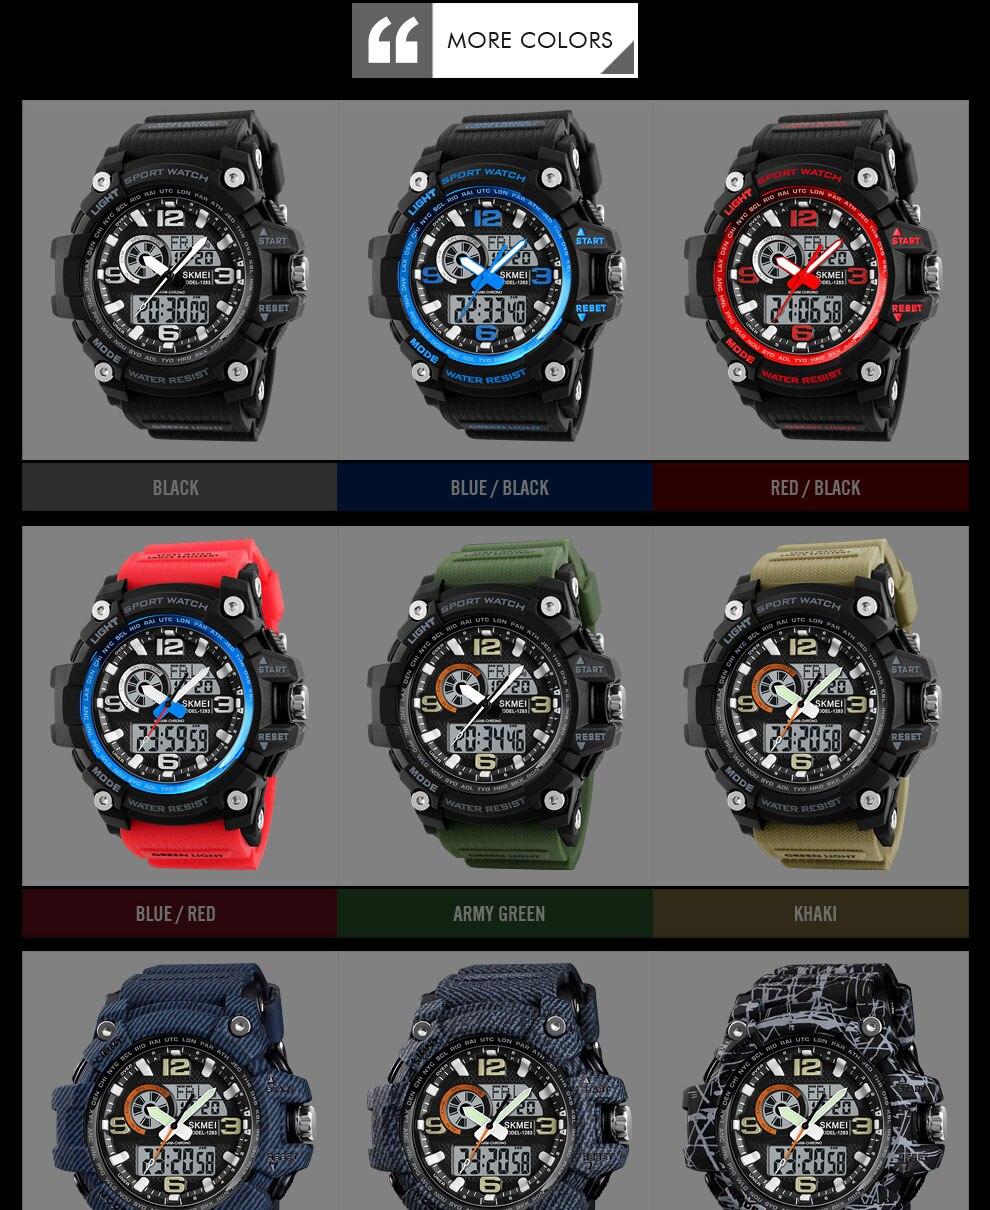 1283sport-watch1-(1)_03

* * *

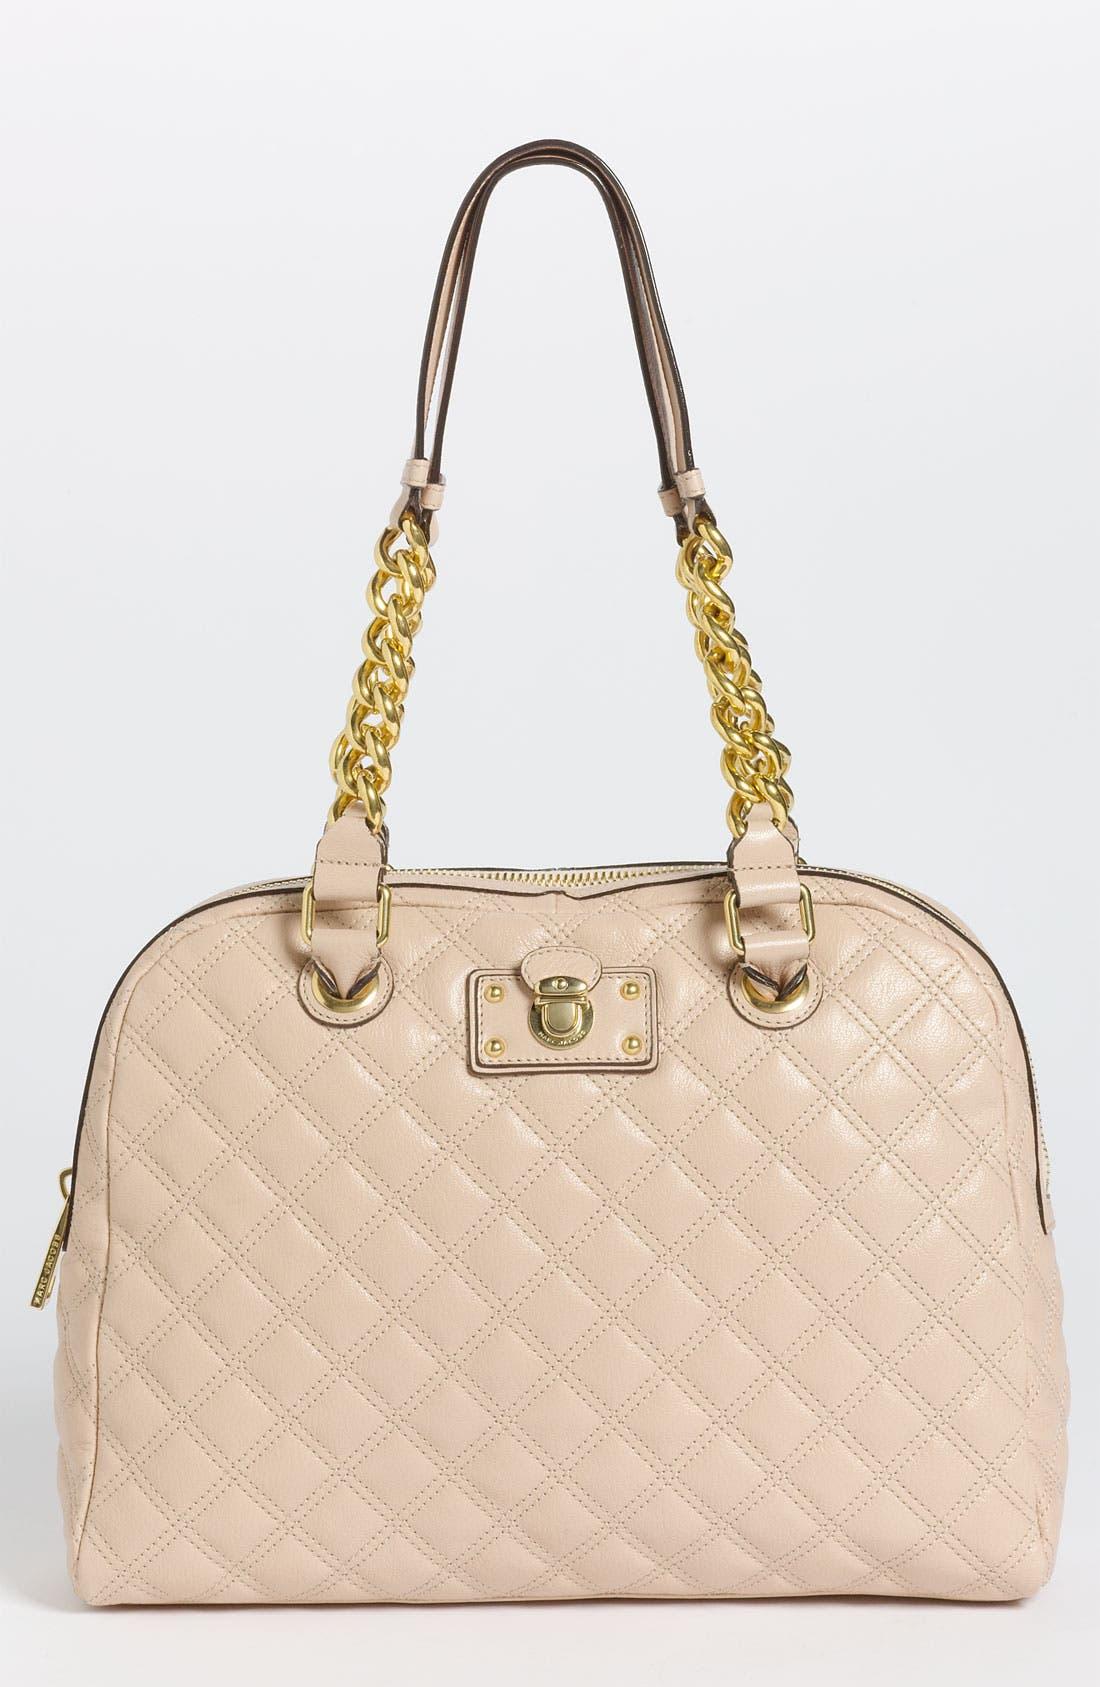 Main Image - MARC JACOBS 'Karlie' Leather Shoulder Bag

---

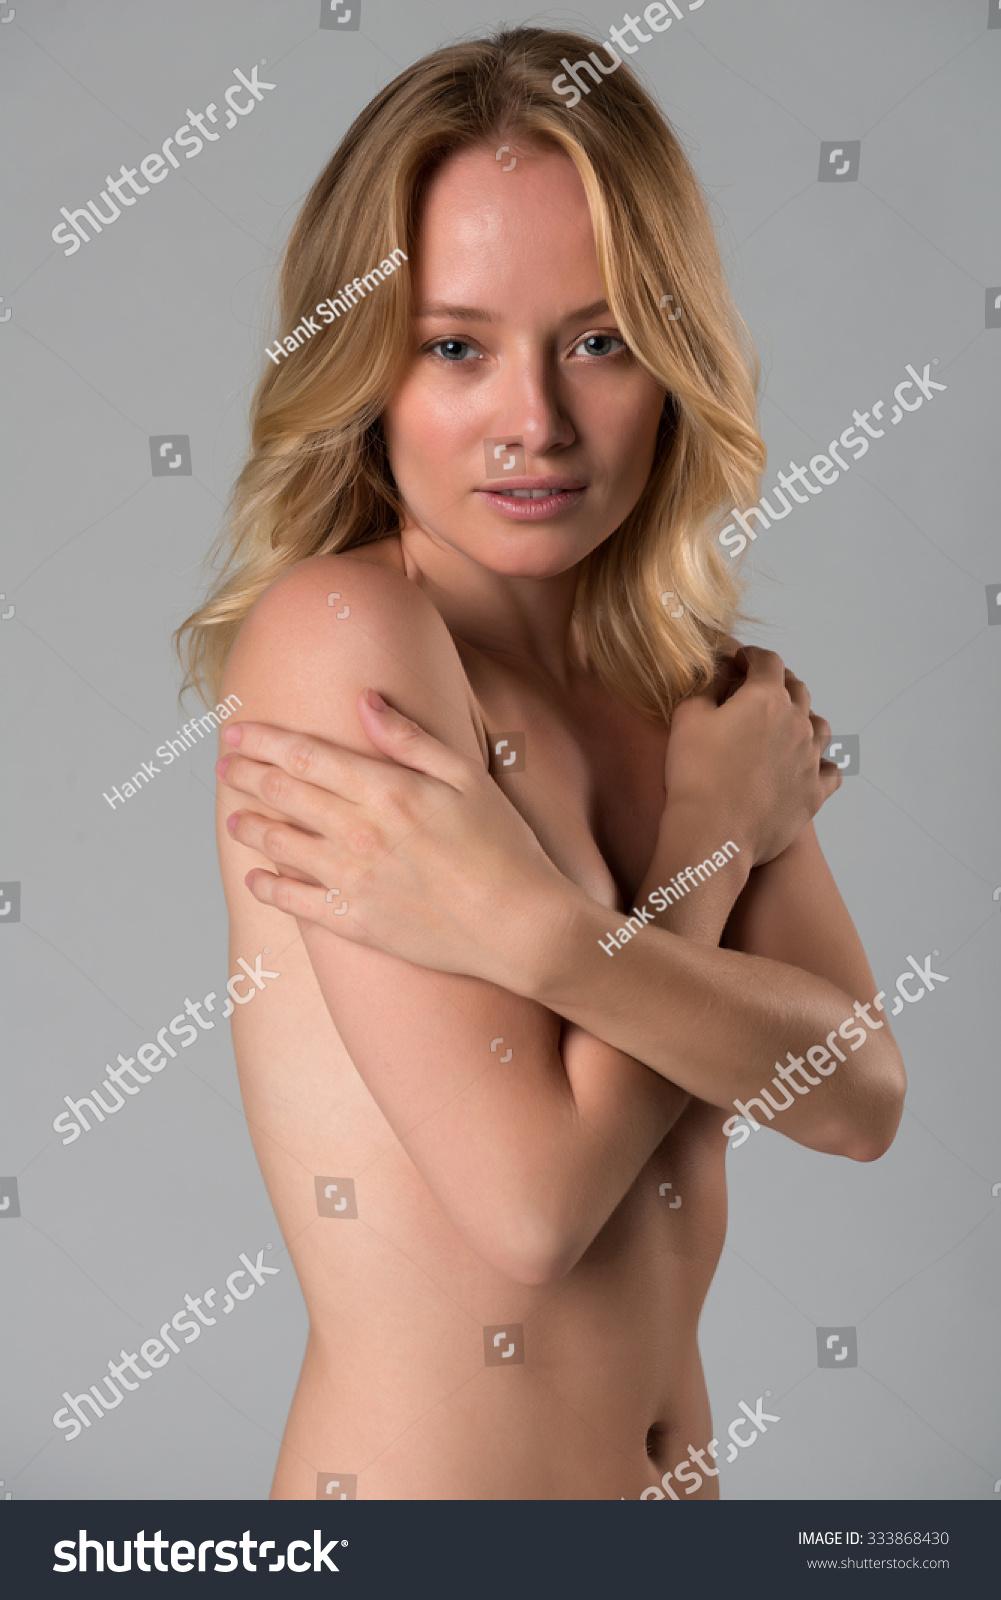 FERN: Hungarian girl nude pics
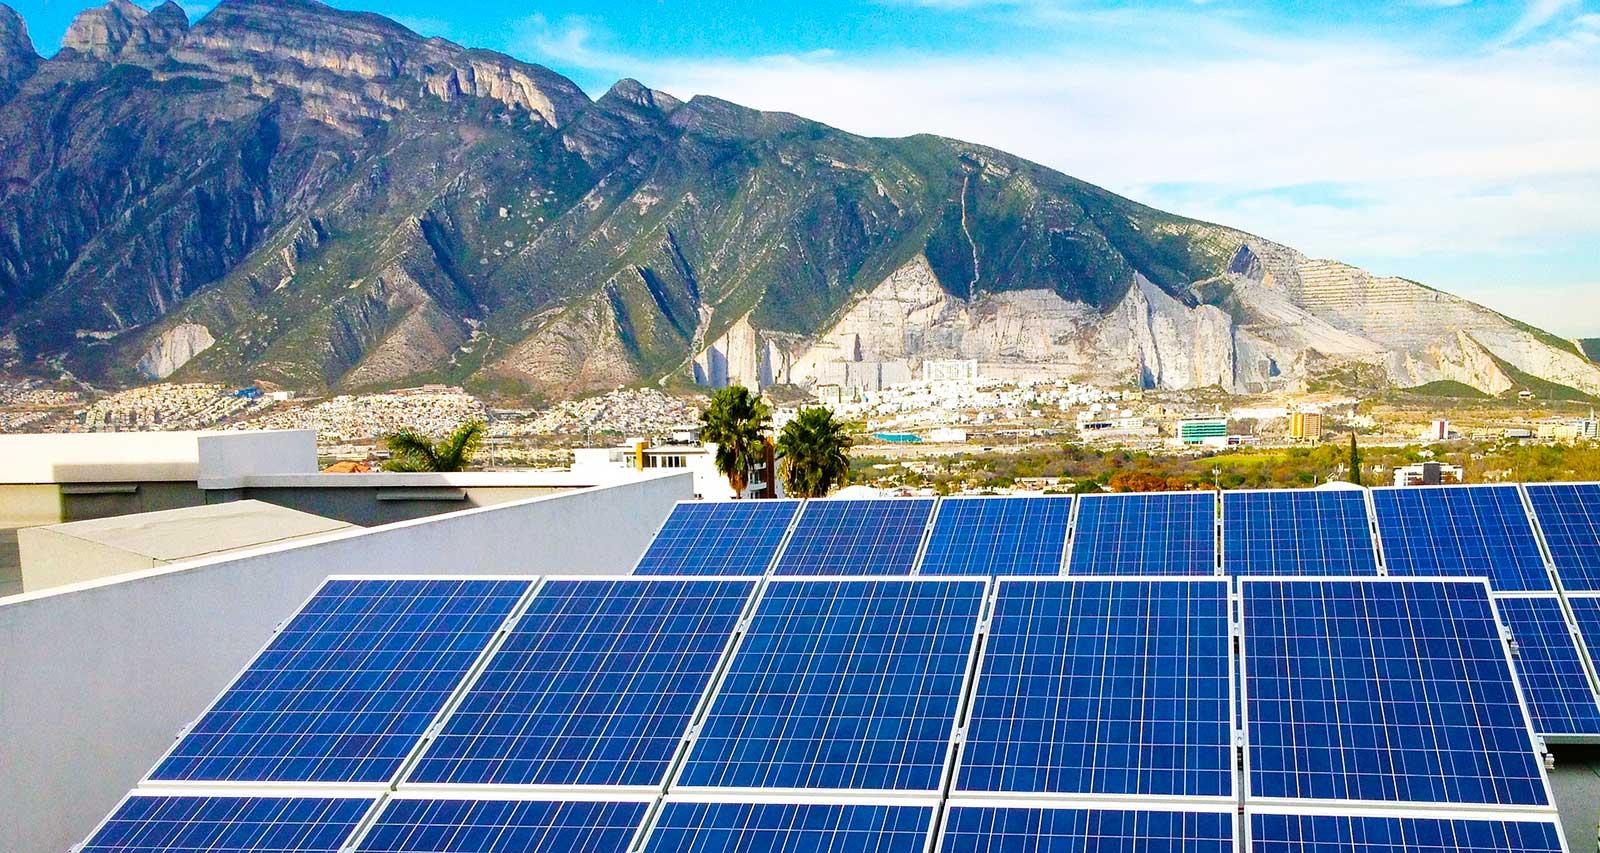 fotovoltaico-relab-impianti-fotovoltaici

● AIM OF THE EXERCISE
From the records above, transcribe exactly the lines starting at the one containing "FERN: Hungarian girl nude pics" and ending at the one containing "fotovoltaico-relab-impianti-fotovoltaici". Skip the pictures.

● ANSWER BELOW
 FERN: Hungarian girl nude pics
 fotovoltaico-relab-impianti-fotovoltaici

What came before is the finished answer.